◆ Your instructions ◆
Your copy should match the listing below word for word, with no images in it.

◆ Supplied information ◆
/---

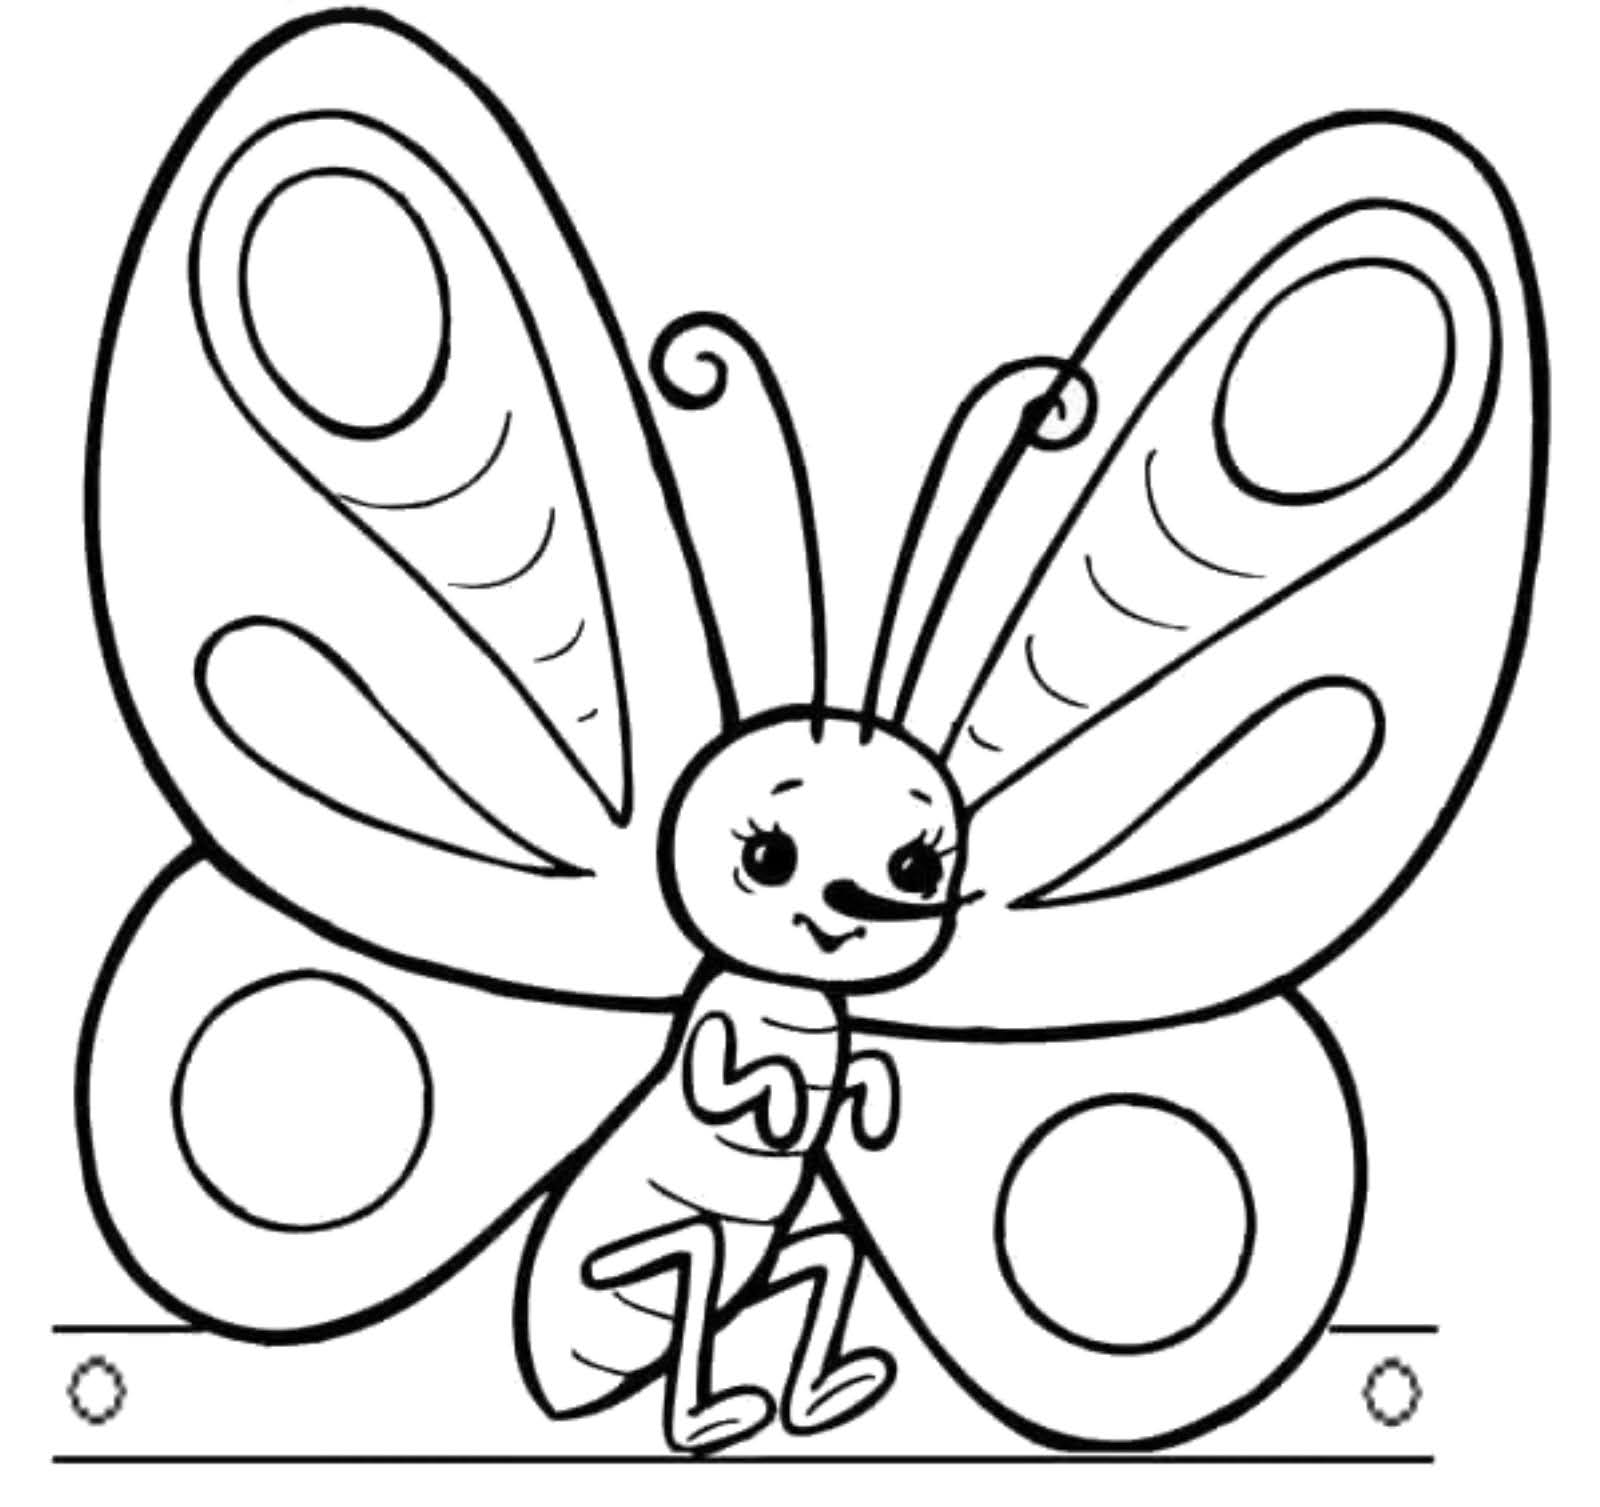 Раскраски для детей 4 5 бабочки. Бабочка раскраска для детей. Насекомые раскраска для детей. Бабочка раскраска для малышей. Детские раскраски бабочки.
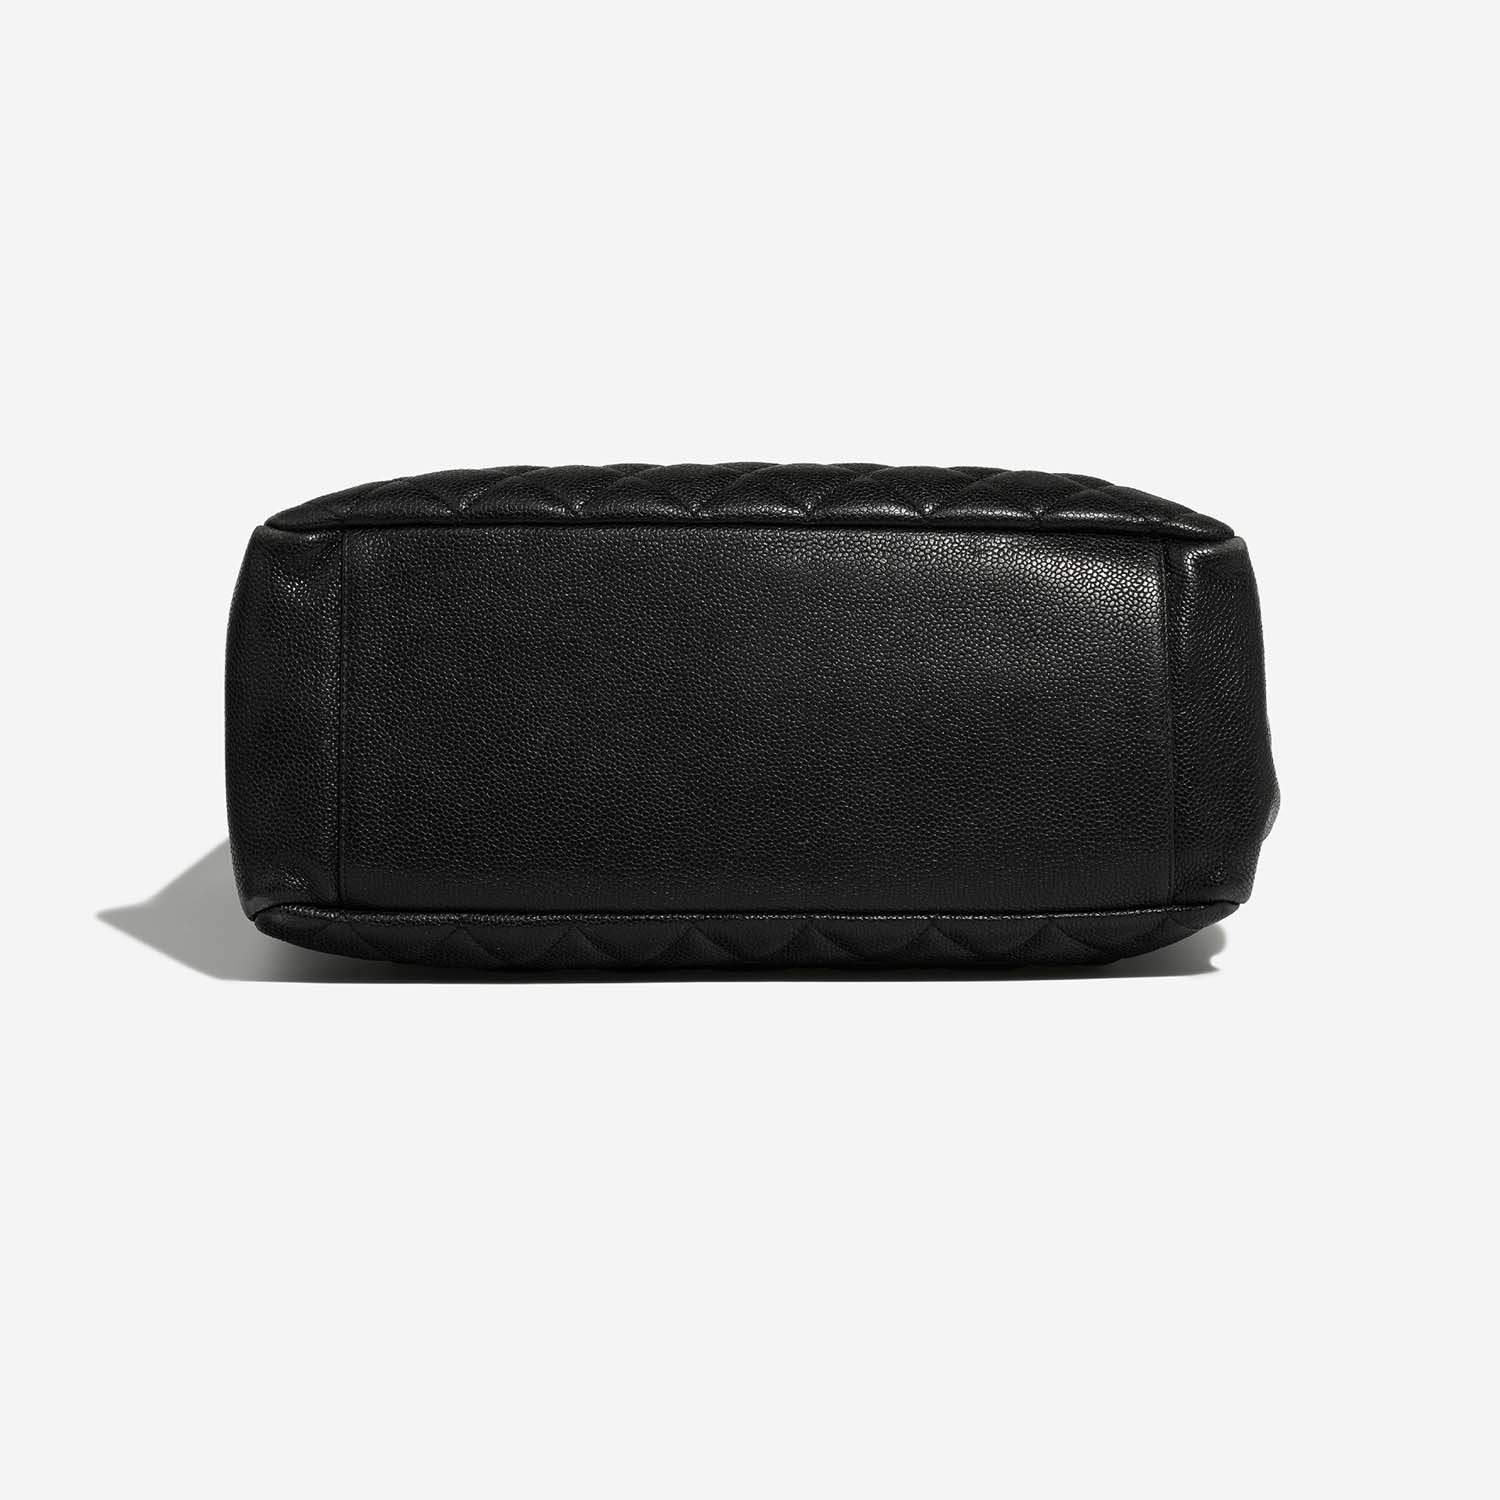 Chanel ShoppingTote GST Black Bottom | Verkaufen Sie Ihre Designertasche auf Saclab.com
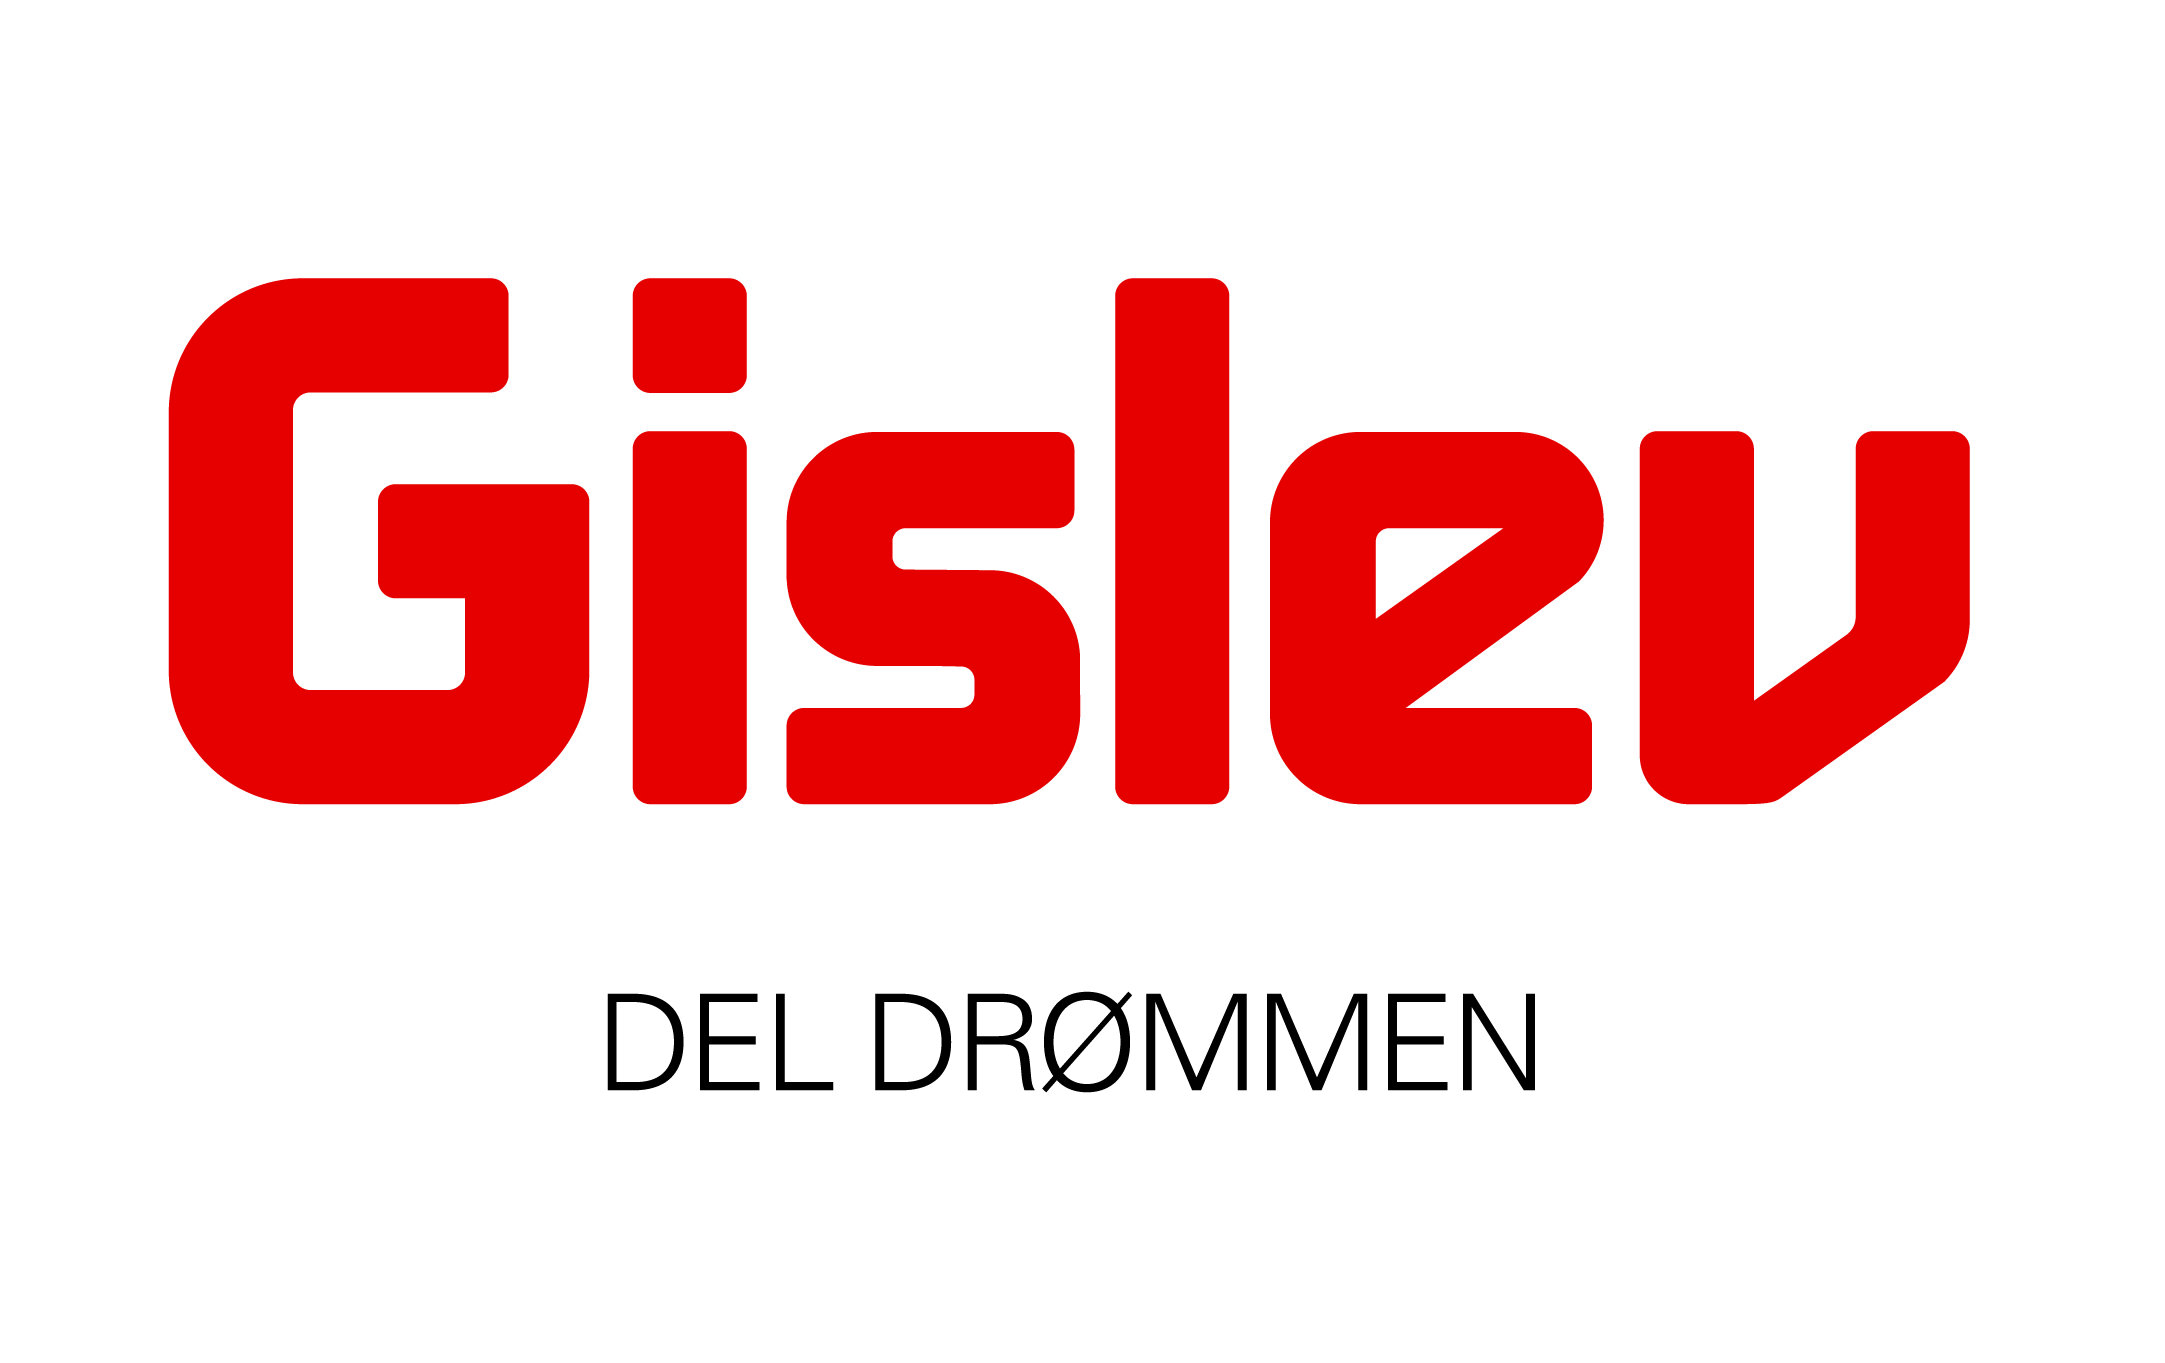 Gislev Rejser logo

\---

◆ Response box ◆
 Раскраски для детей 4 5 бабочки. Бабочка раскраска для детей. Насекомые раскраска для детей. Бабочка раскраска для малышей. Детские раскраски бабочки.
 Chanel ShoppingTote GST Black Bottom | Verkaufen Sie Ihre Designertasche auf Saclab.com
 Gislev Rejser logo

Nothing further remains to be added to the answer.